Each timed track has a kind which is one of:
- for visual display (subtitles, captions, translations), enabled based on user preferences, shows in video playback area
- for audio playback (text audio descriptions), enabled based on user preferences, renders as audio
- for navigation (chapter titles), enabled by default, shows in UA UI
- for off-video display (lyrics), disabled by default in this version, not shown by UA
- for metadata (slide timings, annotation data for app-rendered annotations), enabled by default, not shown by UA
Tracks that are for visual display or audio playback have additionally a user-facing label and a language.
Tracks that are for visual display have an additional boolean indicating if they include sound effects and speaker identification (intended for the deaf, hard of hearing, or people with sound muted) or not (i.e. translations intended for people with audio enabled but who cannot understand the language, or karaoke lyrics).
Each timed track associated with a media resource, like the media resource itself, can have multiple sources.
Each source for a timed track has:
- URL
- type (if there are multiple sources)
- media
The media resource can also imply certain timed tracks based on data in the media resource.
The script can also add "virtual" timed tracks dynamically.
Markup
<track src="" enabled="true" kind="" label="" lang=""></track>
<track enabled="true" kind="" label="" lang="">
<source src="" type="" media=""> ...
</track>
enabled="" is true or false.
Values for kind="":
- subtitles (includes karaoke) - default
- captions
- description (text audio descriptions)
- chapters
- lyrics
- metadata
Questions:
- Should we use lang="", hreflang="", srclang=""?
- Is there a better solution to enabled=false for disabling tracks by default?

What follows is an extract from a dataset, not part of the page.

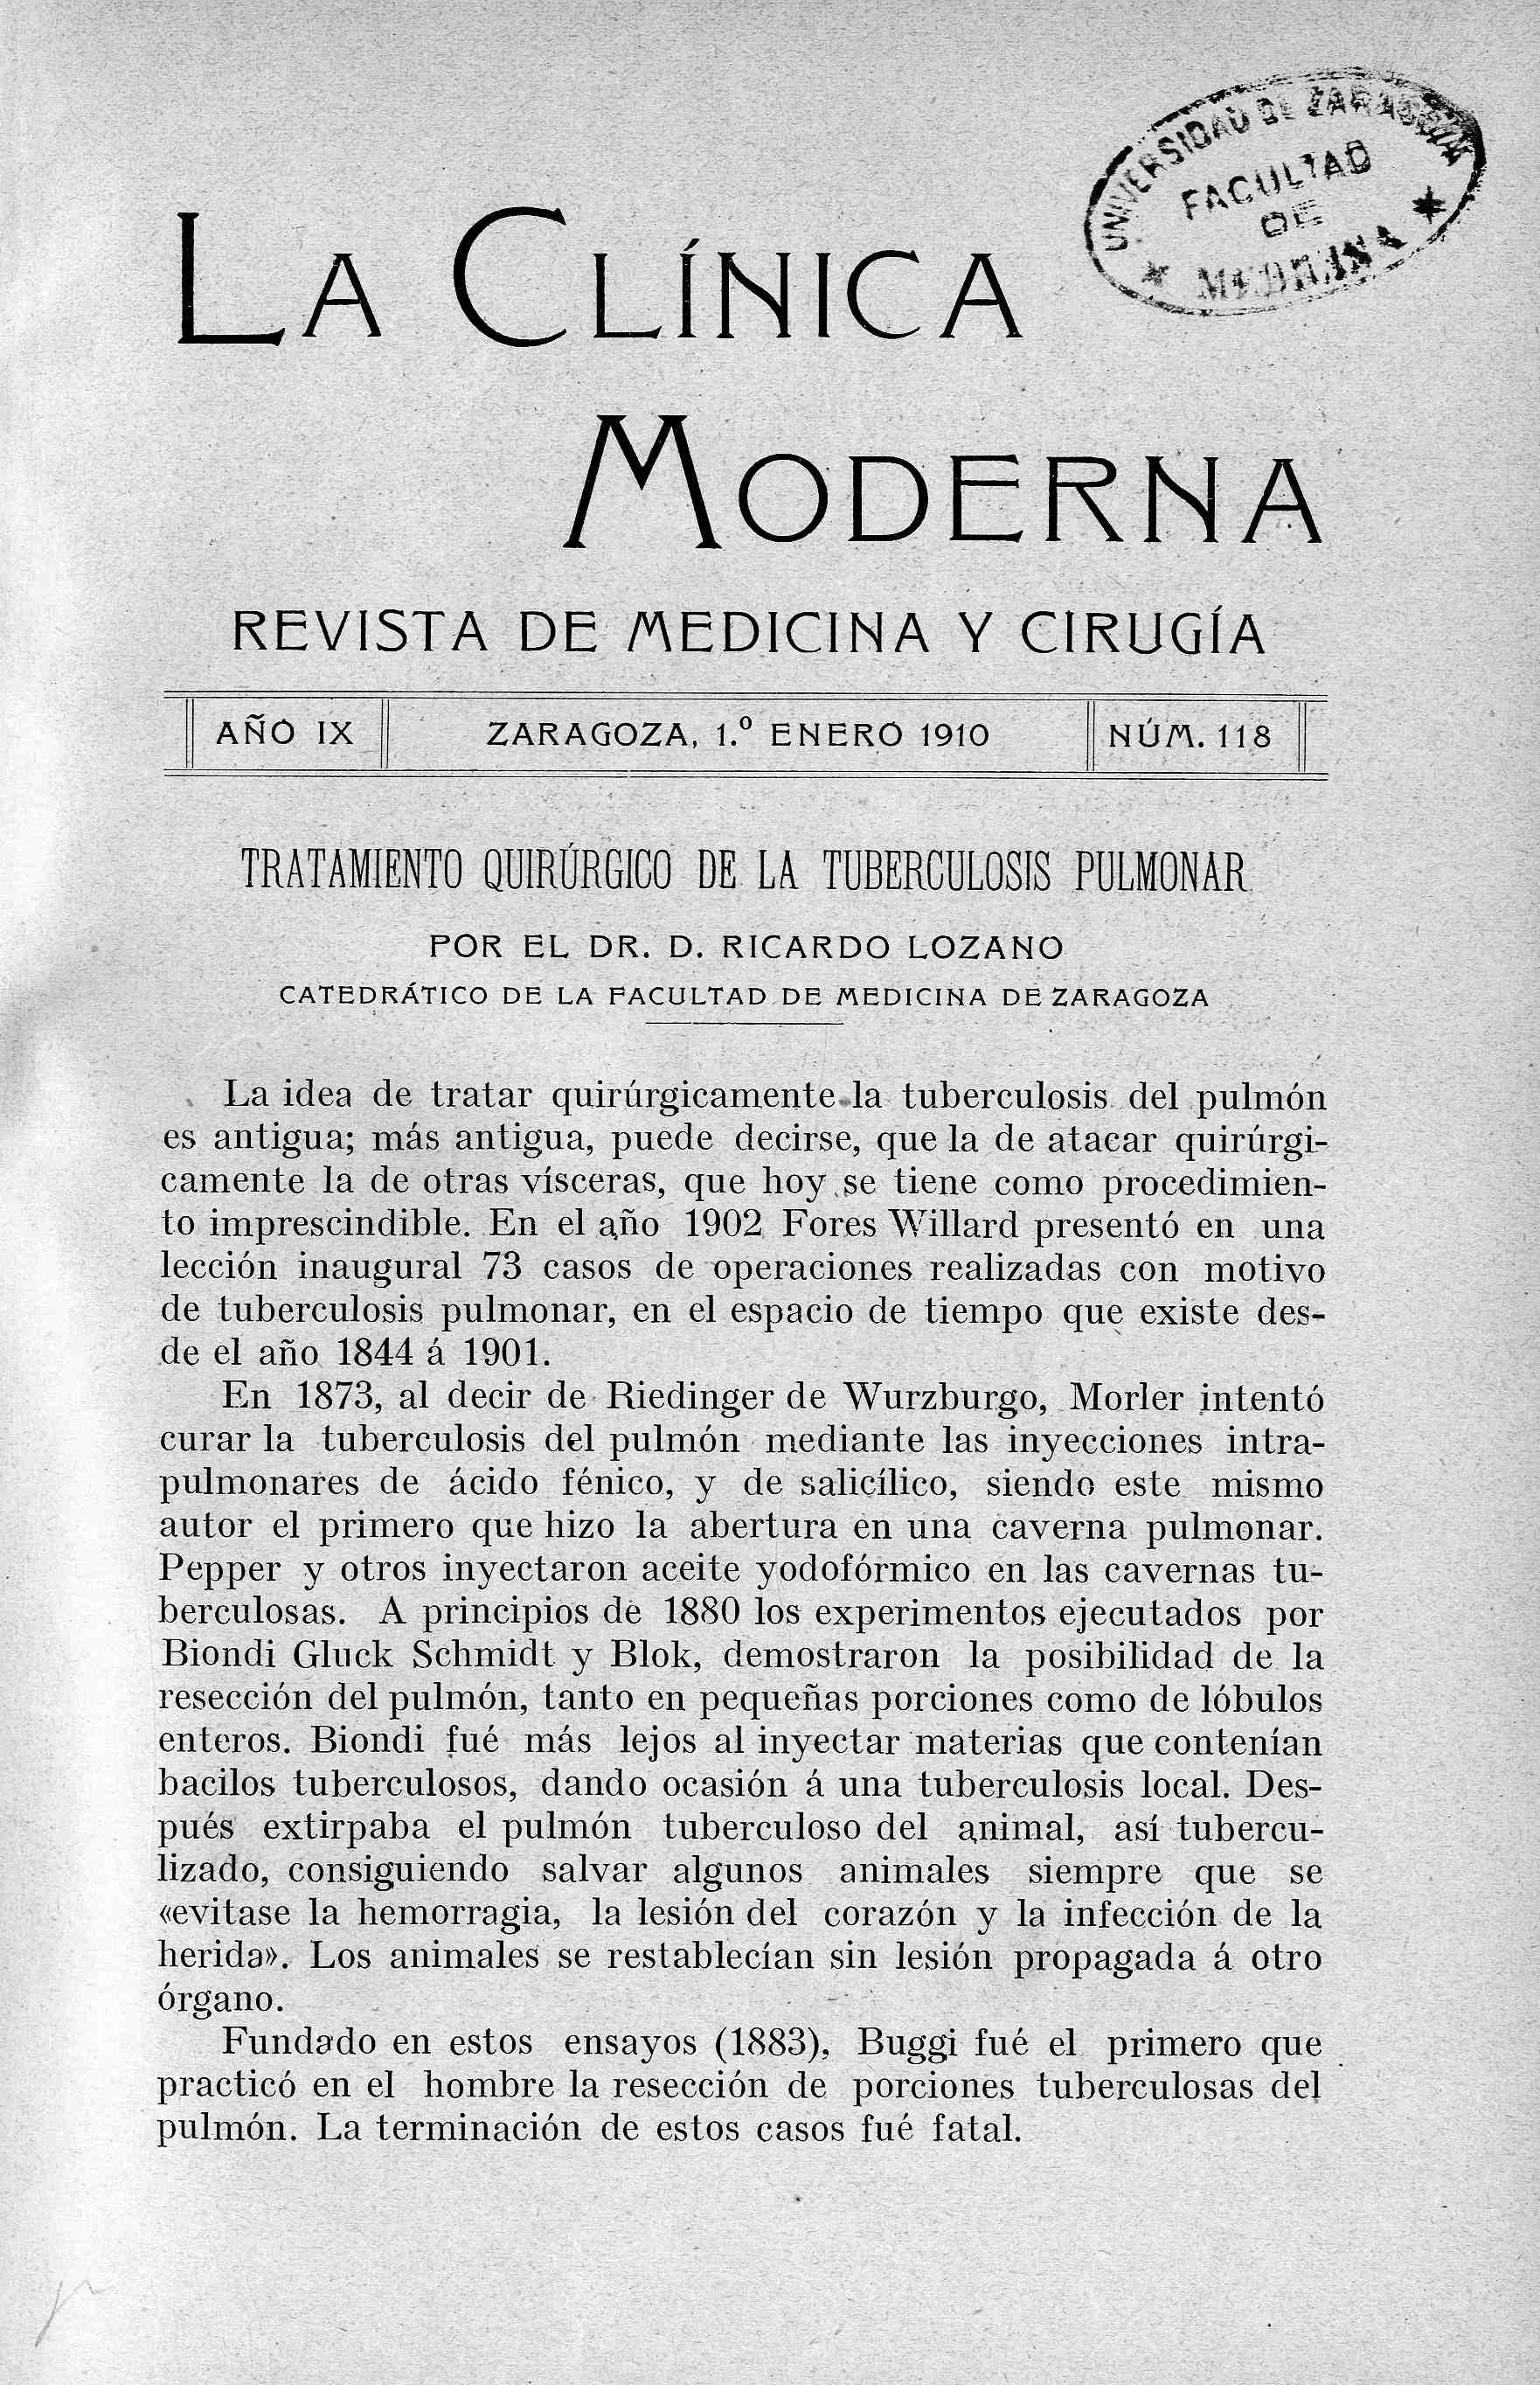 La Clínica Moderna, IX (1910)

Do we ever need to disable a track that might be enabled by default?
Format for visual titles
...
...
DOM API
...
Other minor things
We need to make sure that media playback is paused until all enabled timed tracks are locally available.
Open issues
How do we handle sign-language tracks?
Do we handle multiple alternate audio tracks from this or is that restricted to in-band data? (in the media resource)
Do we need to handle live transcription and streaming titles in external files? If so, how?